On Jul 24, 2009, at 2:20 PM, [Chris Stockwell] wrote:
Over the next few years, I am tasked to download 30,000 archival
masters
from Internet Archive into an archive for long-term staff access
that we may
preserve with LOCKSS. These are masters of Montana state
publications. I
have a hierarchy in mind to receive these files. The hierarchy is
state
agency\year\title\pub_date\*.pdf.
I am intending to download the files in batches of 200 - 500 pdfs,
but am
thinking that if I slot them automatically into the archive
hierarchy, misplaced
or missing files could be very hard to find as the total grows. I
will be logging
the downloads, which should give me some control. Are there other
strategies
for ensuring that I can readily correct download errors?

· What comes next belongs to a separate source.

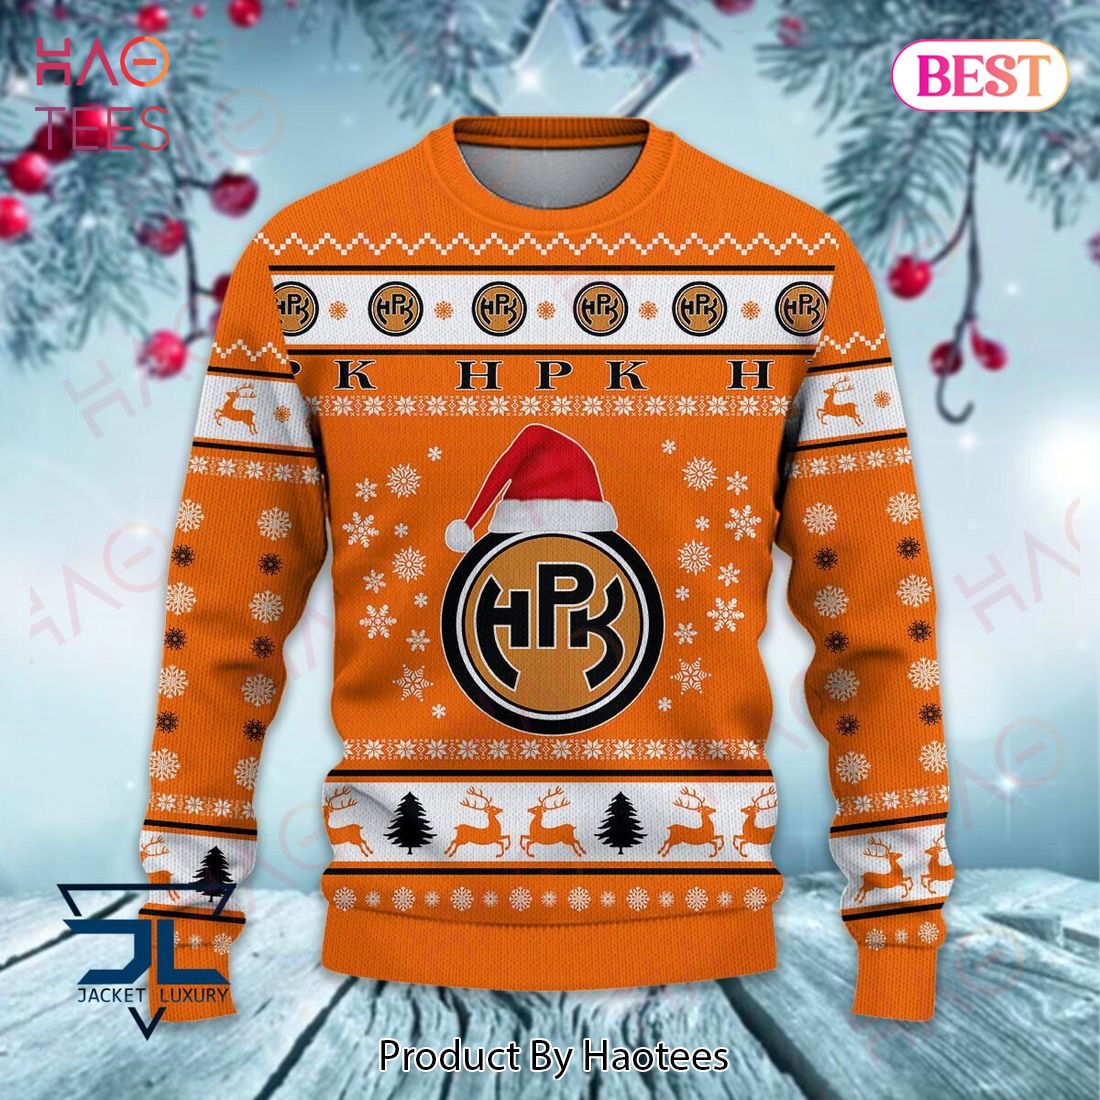 HPK White Mix Orange Christmas Luxury Brand Sweater Limited Edition

I am
looking for
recommendations for the simplest way to maintain reasonable control
over the
download process.
A couple things:
If you already have archive.org identifiers picked out, you can use
something like this python script to download them all from IA:
http://blog.openlibrary.org/2008/11/24/bulk-access-to-ocr-for-1-million-books/
You can use the archive.org advanced search engine to produce xml,
json, or csv file with all identifiers for a particular contributing
institution:
http://www.archive.org/advancedsearch.php
eg. all identifier for Montana State Library (http://www.archive.org/details/MontanaStateLibrary
) as an xml file (change rows=10 to rows=10000 to get them all):
http://www.archive.org/advancedsearch.php?q=collection%3A%22montanastatelib%22&fl%5B%5D=creator&fl%5B%5D=identifier&fl%5B%5D=title&sort%5B%5D=&sort%5B%5D=&sort%5B%5D=&rows=10&fmt=xml&xmlsearch=Search
Also, if you have an archive.org identifier, then you can get the
files.xml that contains md5 and sha1 hashes, so you can verify your
download:
To pull the files.xml, use a /download/id/id_files.xml url. e.g.:
http://www.archive.org/download/librariesoffutur00lickuoft/librariesoffutur00lickuoft_files.xml
-raj